-- What you are asked to do --
Please give every line below again exactly, but not its pictures.

-- Provided material --
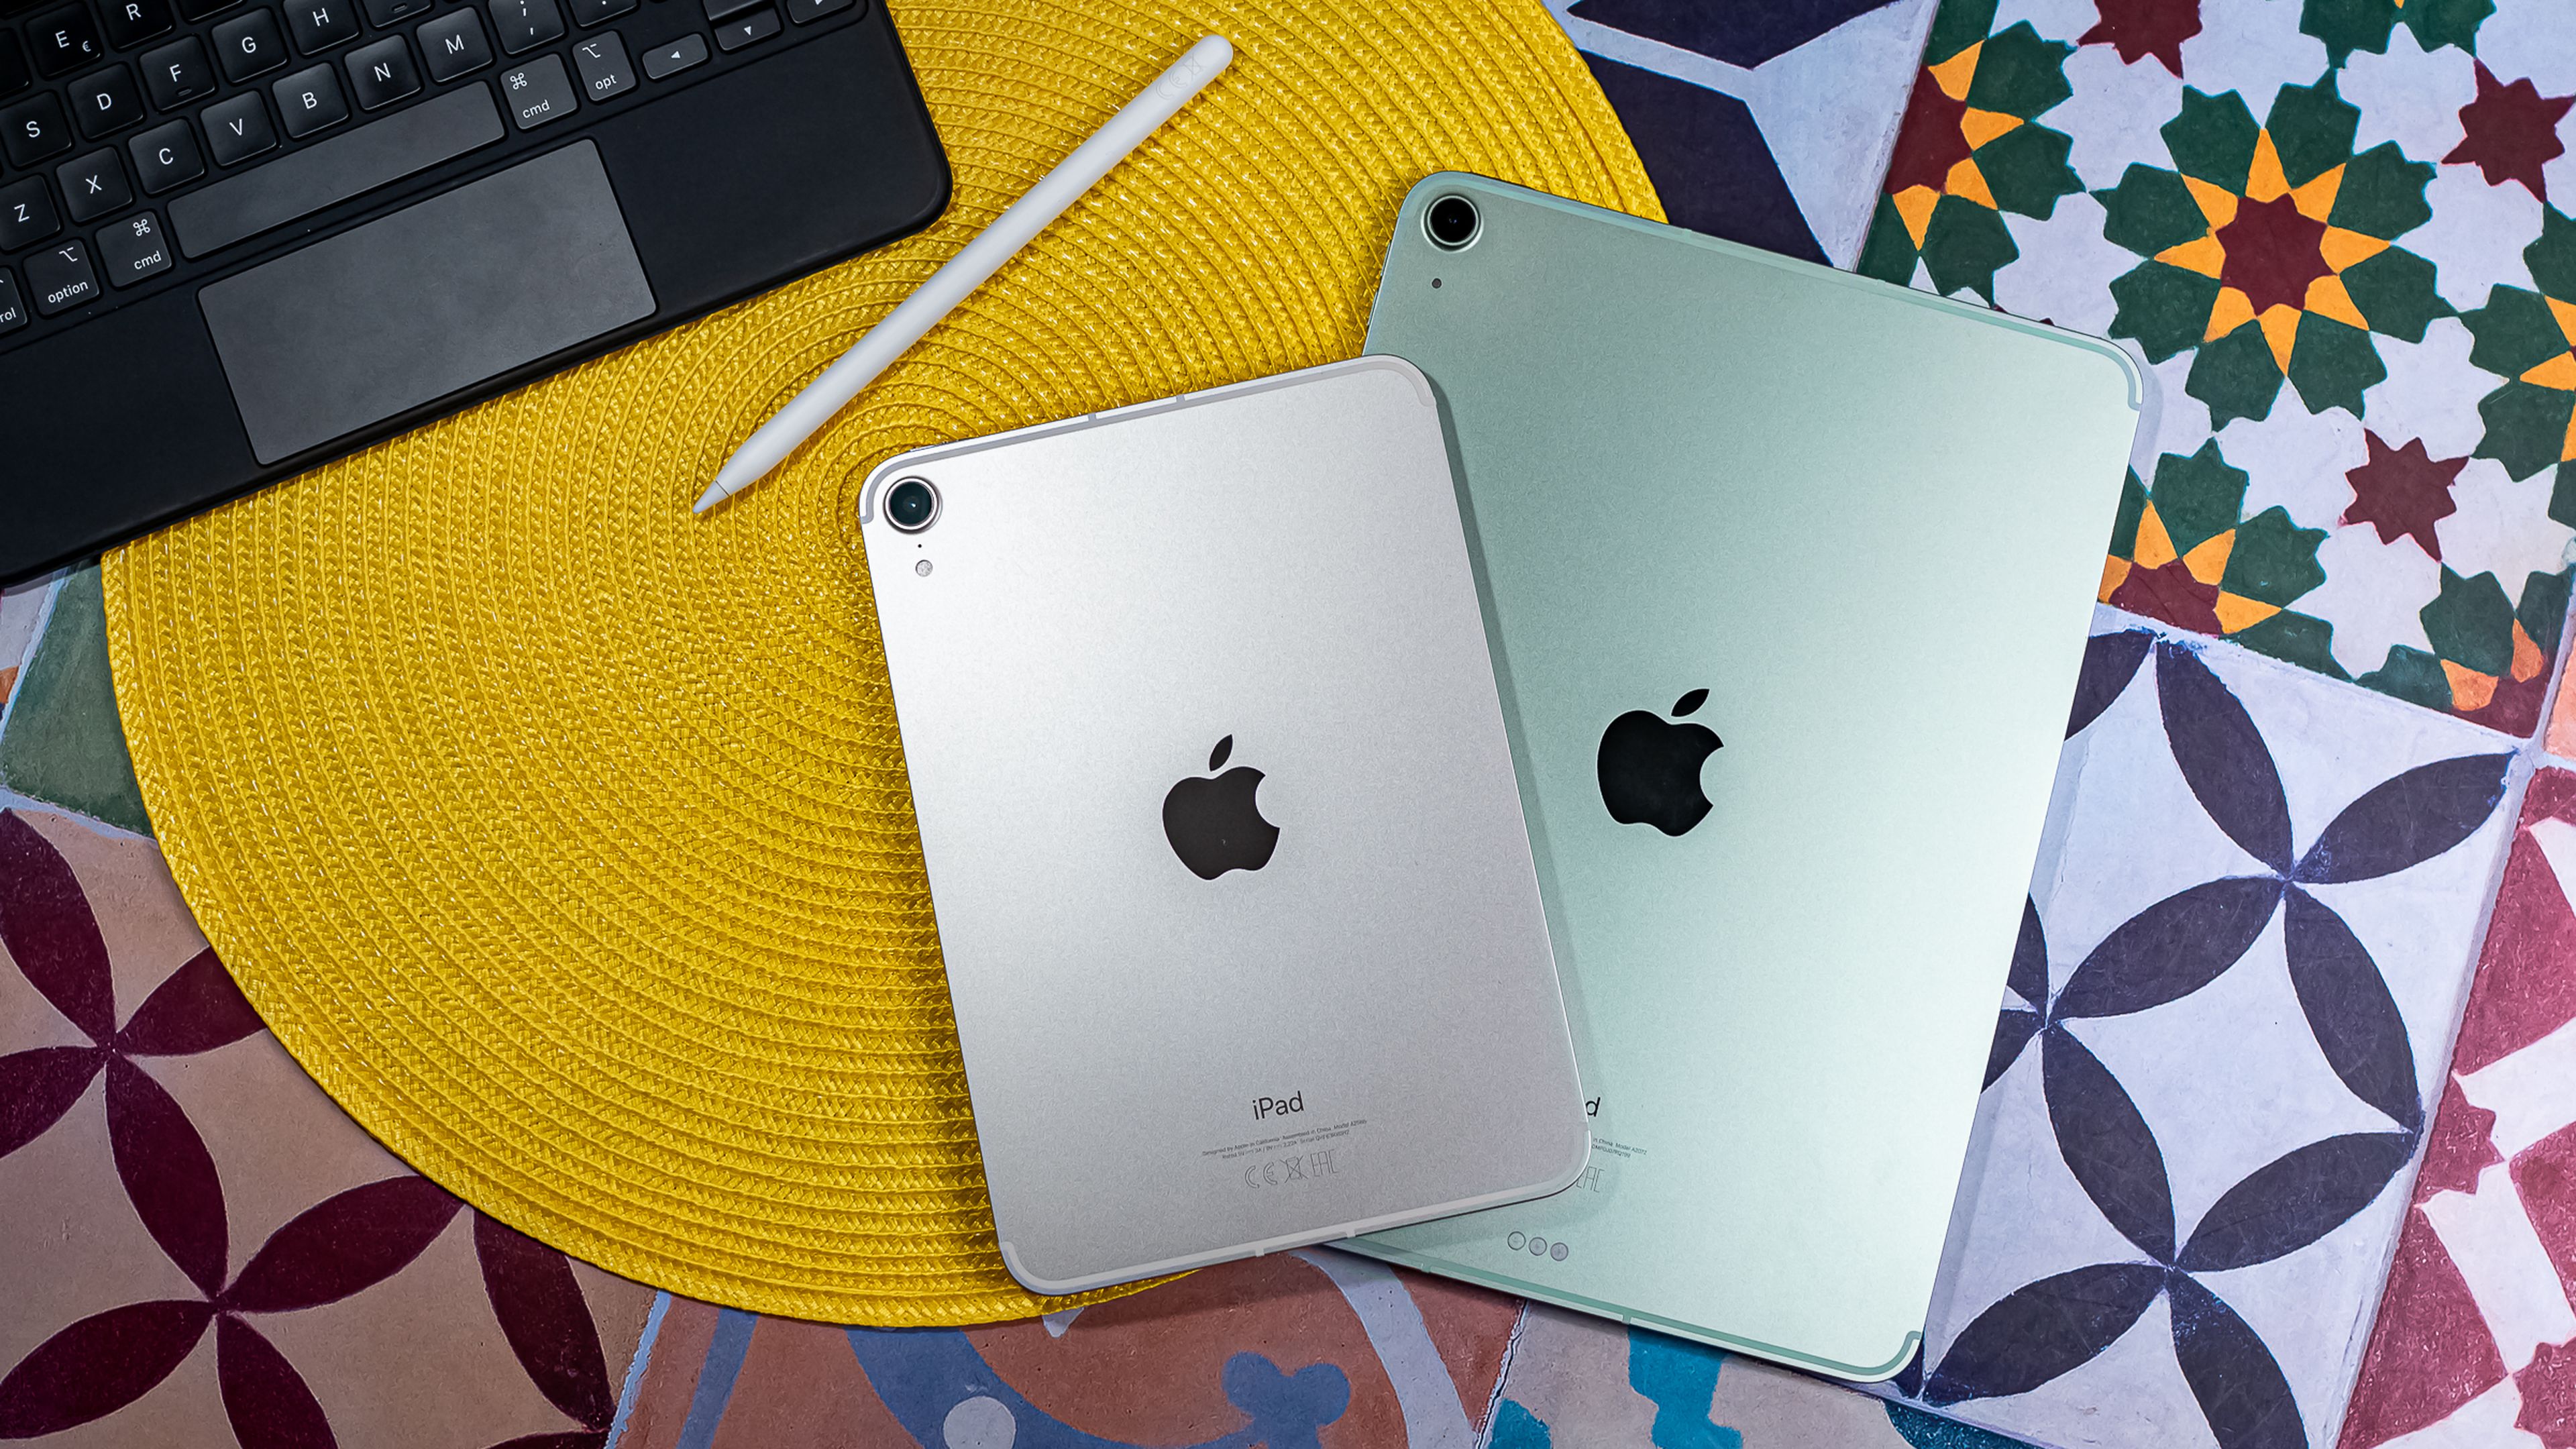 Apple revelaría un nuevo iPad Mini completamente rediseñado este año
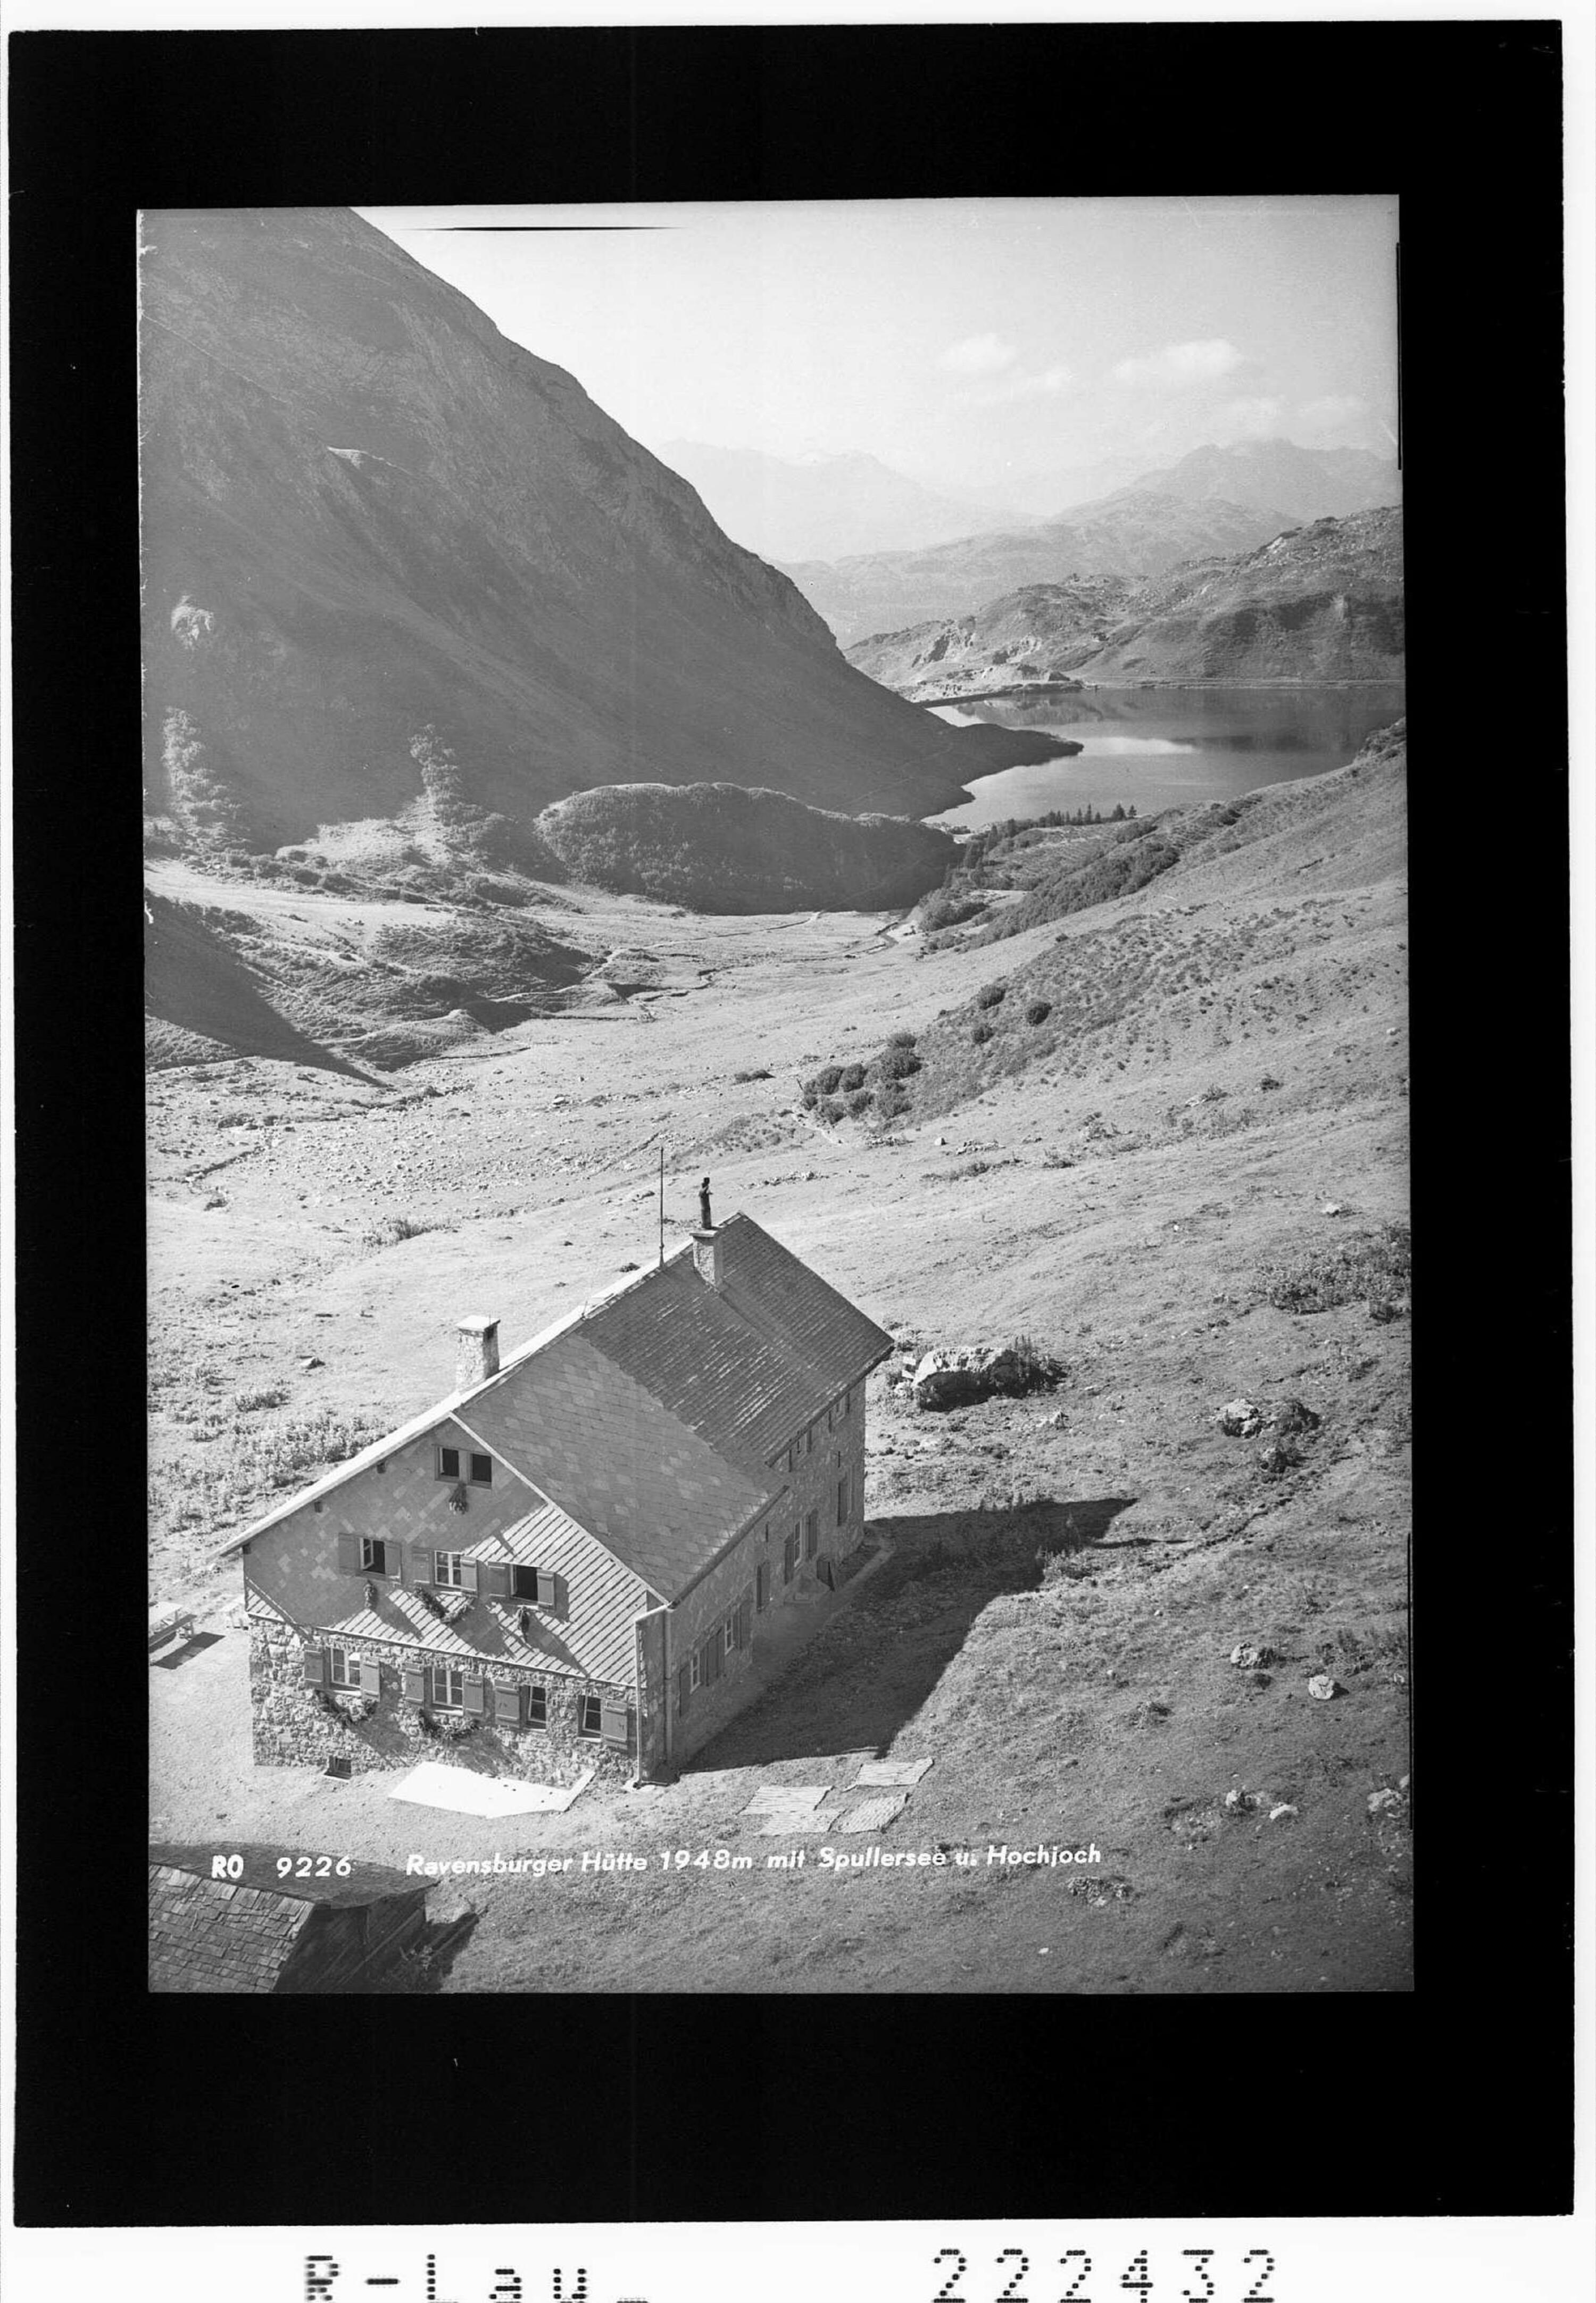 Ravensburger Hütte 1948 m mit Spullersee und Hochjoch></div>


    <hr>
    <div class=

-- Output for this task --
 Apple revelaría un nuevo iPad Mini completamente rediseñado este año
 Ravensburger Hütte 1948 m mit Spullersee und Hochjoch></div>


    <hr>
    <div class=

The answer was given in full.